Jane Caro is a well-known public figure in Australia; she has quite strong (and sometimes unpopular) opinions on topics that affect most Australians. She is an atheist and a feminist, but is probably most well known for her stance against private schools*.
Anyway, despite her strong views on education, this topic does not feature heavily in her memoir. Instead, she explores her life unflinchingly. There are some things you wouldn’t expect anyone to say so bluntly, or admit to. Her honesty is, I think, a very important part of the book.
She talks about having many boyfriends through school and university (“…high school was a veritable blizzard of steady boyfriends. In between there were flirtations, snatched kisses and boys I held relentlessly at arms’ length”).
Over the summer between the end of Year 12 and the start of University, she travelled around Australia. She was relentlessly homesick (“to the horror of my friends, I burst into desperate tears…I only held myself together by ringing my parents daily to sob out my misery.”)
Her anxiety is examined throughout the book (“It took me ten long years to discover that I suffered from an obsessive anxiety neurosis…I would be suddenly gripped by a desire to do something completely inappropriate, like yelling “FUCK” in a business meeting.”), as is the discrimination she faces in the advertising industry (“I was always seen as a riskier proposition (as a woman), than the bloke sitting opposite me.”).
I really enjoyed this book, and read it in two sittings.
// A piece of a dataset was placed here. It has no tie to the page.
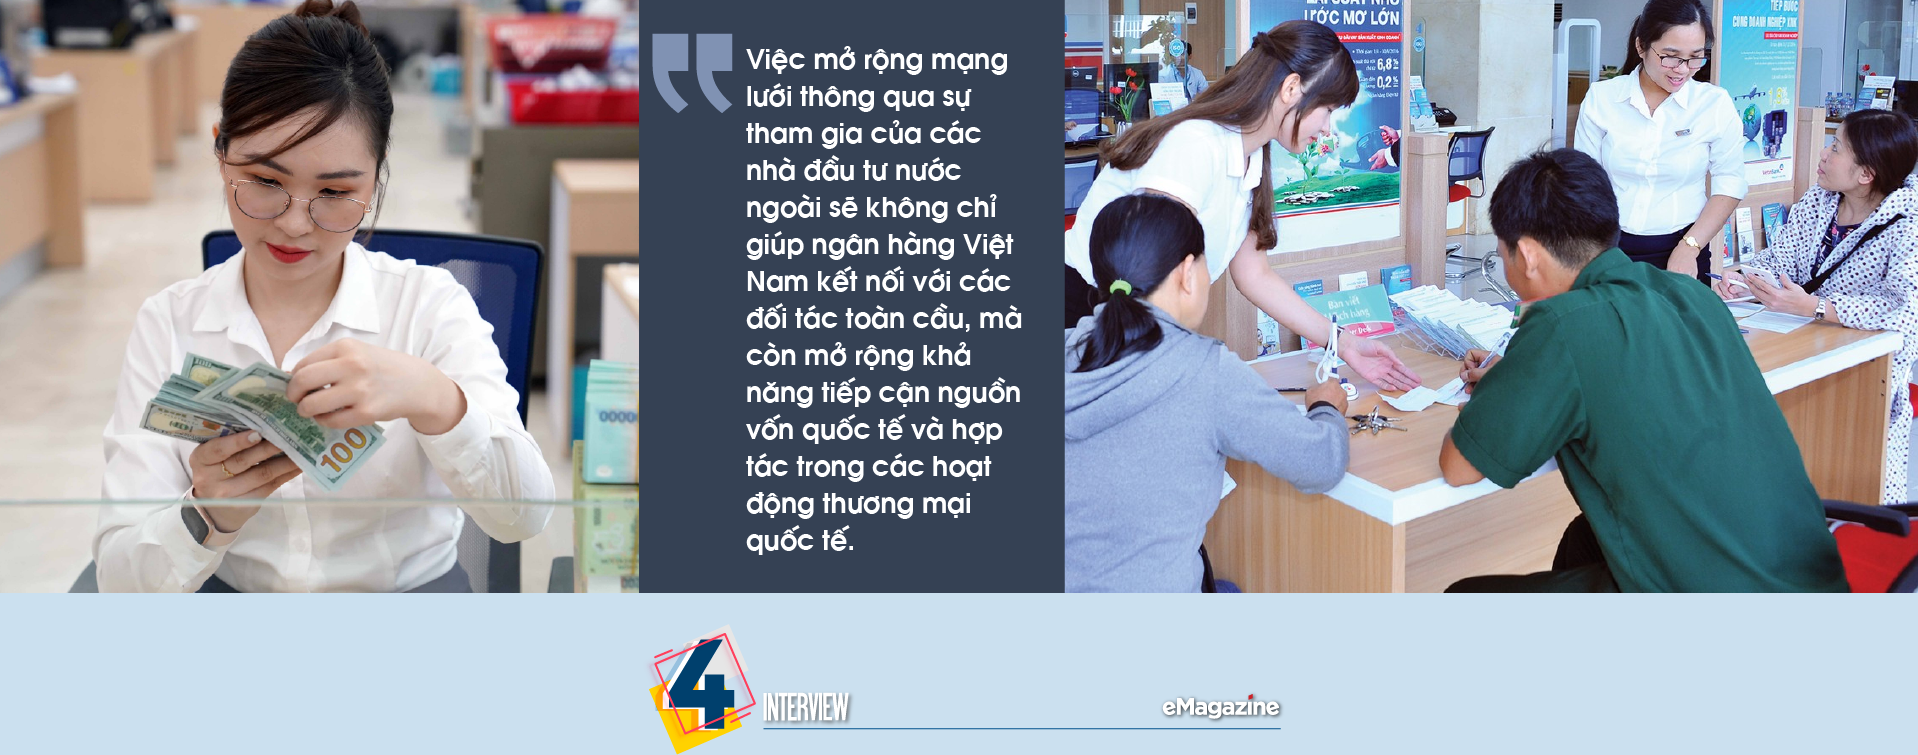 Ngành ngân hàng Việt Nam: Triển vọng thu hút vốn ngoại - Ảnh 5

Jane uses a lot of Australian slang, but is also very eloquent when she is talking about really serious aspects of her life. A pretty big chunk of the book is talking about her university years and her twenties, so its quite interesting to compare her experience thirty years ago to today. As the title of the book suggests, Jane Caro is not sugar-coating anything. Her overall message is pretty much “there is pain in life, and you have to grow up and deal with it the best you can.” I think by showing us how imperfect her life has been, she is also showing us that you will be okay, “…by simply doing whatever it is that you can”.
* She strongly believes that a public school education prepares students much better for the rest of their lives than any private school could. Her argument is basically this: private schools attract a small circle of privileged families who can afford to pay exorbitant fees, whereas public schools are for anyone. She argues that the range of people you would therefore interact with at a public school is a better representation of the real world. You can see Caro’s reasoning; when everyone reaches university (and the workforce), publicly-educated students are better-equipped to deal with the people they encounter.